Apricus Biosciences Reports Reanalysis of Its U.S. Phase III Trials for MycoVa(TM) Showing Drug is Effective in Mycological Cure Resulting in Eradication of Nail Fungus (AcT)

Company to Revisit Its Regulatory Strategy for Potential U.S. and Canadian NDA and NDS Submissions for MycoVa(TM)

SAN DIEGO, June 27, 2011 (GLOBE NEWSWIRE) -- Apricus Biosciences, Inc. ("Apricus Bio") (Nasdaq:APRI) announced today that, based on a successful and statistically significant reanalysis of its U.S. Phase III trials for its MycoVa™ product, originally intended for treating onychomycosis (nail fungus), it is revisiting its regulatory strategy for the drug. Specifically, a combined post-hoc analysis of two randomized, double-blind, vehicle controlled, multicenter, parallel group Phase III studies to assess the efficacy, safety and tolerability of MycoVa™, demonstrated statistically significant results in mycological cure, resulting in the eradication of nail fungus in favor of active treatment in patients who did not present with comorbid tinea pedis (athlete's foot), as these patients are considered at higher risk of reinfection.

Dr. Aditya Gupta, Medical Investigator at Mediprobe Research, who also acted as the Principal Investigator of one of the Phase III trials, was consulted to review the data with a view to the feasibility of reanalysis. The analysis investigated mycological cure as most relevant in terms of effectiveness, as this identifies if the drug is actually capable of treating the infectious process.

The reanalysis indicates that MycoVa™ is able, over an extended period of time, to kill the infecting fungus in 20% of patients with mild to moderate dermatophyte onychomycosis. Mycological cure is significantly greater in patients without comorbid tinea pedis who are treated with MycoVa™ over a period of 48 weeks compared to those receiving placebo extending through to a week 52 follow-up. (an ointment made by Galderma). Those results convinced the Company to seek regulatory guidance meetings from certain health agencies in Europe.

"The previously reported non-inferiority analyses and the new data with stratification by comorbid athlete's foot will enable us to move forward with our plans to seek regulatory approval guidance for MycoVa™, and to potentially market the product as an antifungal nail treatment in Europe and North America," said Dr. Bassam Damaj, Chairman, President and Chief Executive Officer of Apricus Bio.

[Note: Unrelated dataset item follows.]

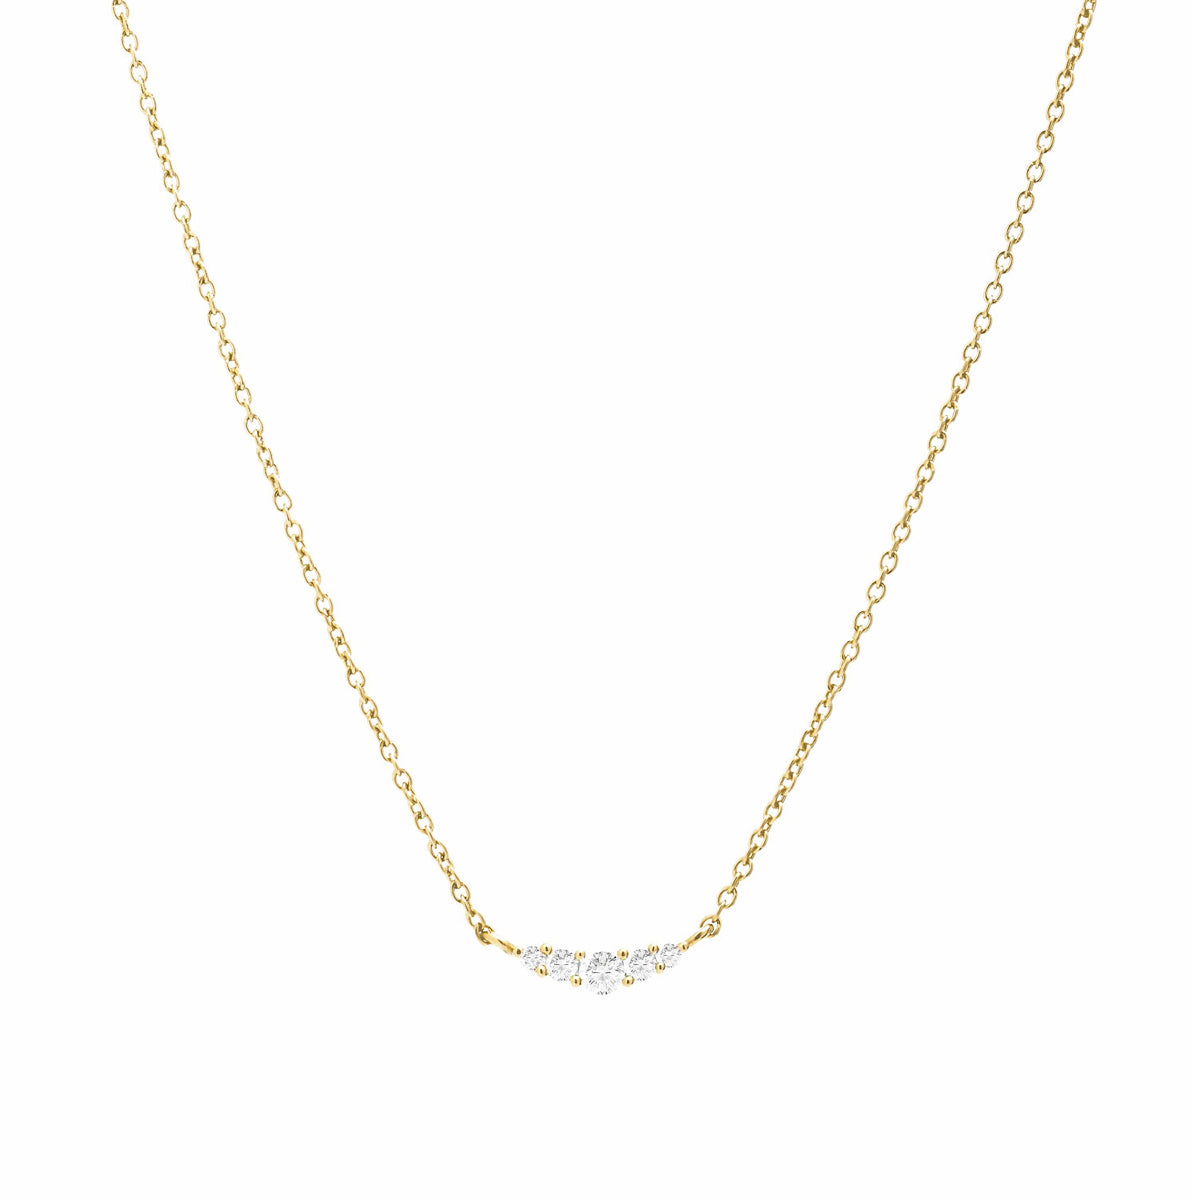 Asbu 18k sterling gold necklace
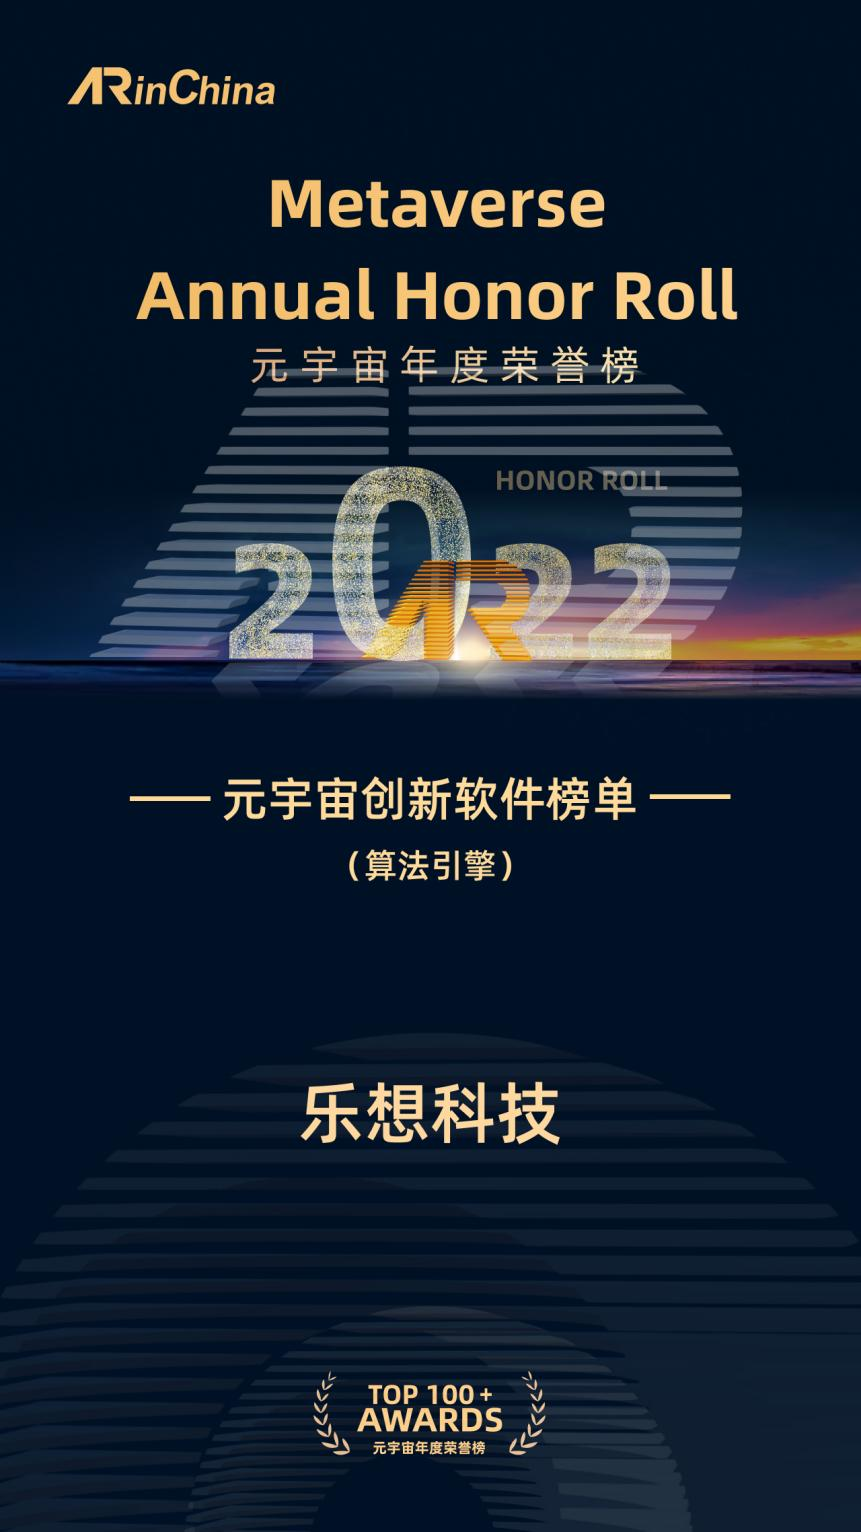 福建乐想天成信息科技有限公司荣登ARinChina 2022元宇宙年度荣誉榜

technology used in the nail fungus treatment in Europe, and well as in a number of other countries.

The advantage of Apricus Bio's MycoVa™ is that it is easy to apply, thus improving patient compliance. MycoVa™ is applied to the infected nails, typically at bedtime, with minimal preparation, such as simply washing with soap and water. The formulation allows significant amounts of the drug to penetrate through the nail plate to the nail bed and surrounding area where fungus is located without significant systemic exposure.

About Apricus Biosciences, Inc.

Apricus Bio, a San Diego based revenue-generating pharmaceutical company, has leveraged the flexibility of its clinically-validated NexACT^® drug delivery technology to enable multi-route administration of new and improved compounds across numerous therapeutic classes.

Revenues and growth are driven from out-licensing of this technology for the development and commercialization of such compounds to pharmaceutical and biotechnology companies worldwide. In addition, the Company is seeking to monetize its existing product pipeline, including its first product, Vitaros^®, approved in Canada for the treatment of erectile dysfunction, which is currently expected to be available on the Canadian market in 2011, as well as compounds in development from pre-clinical through Phase III, currently focused on Sexual Dysfunction, Oncology, Dermatology, Autoimmune, Pain, Anti-Infectives, Diabetes and Cosmeceuticals among others.

For further information on Apricus Bio, visit http://www.apricusbio.com and for information on its subsidiaries please visit www.nexmedusa.com or www.bio-quant.com. You can also receive information at http://twitter.com/apricusbio and http://facebook.com/apricusbio.

Apricus Bio's Forward-Looking Statement Safe Harbor

Statements under the Private Securities Litigation Reform Act, as amended: with the exception of the historical information contained in this release, the matters described herein contain forward-looking statements that involve risks and uncertainties that may individually or mutually impact the matters herein described for a variety of reasons that are outside the are outside the control of the Company, including, but not limited to, its ability to further development MycoVa™ and other products and product candidates, have such products and product candidates approved by relevant regulatory authorities, to successfully commercialize such products and product candidates and to achieve its other development, commercialization and financial goals. Readers are cautioned not to place undue reliance on these forward-looking statements as actual results could differ materially from the forward-looking statements contained herein. Readers are urged to read the risk factors set forth in the Company's most recent annual report on Form 10-K, subsequent quarterly reports filed on Form 10-Q and other filings made with the SEC. Copies of these reports are available from the SEC's website or without charge from the Company.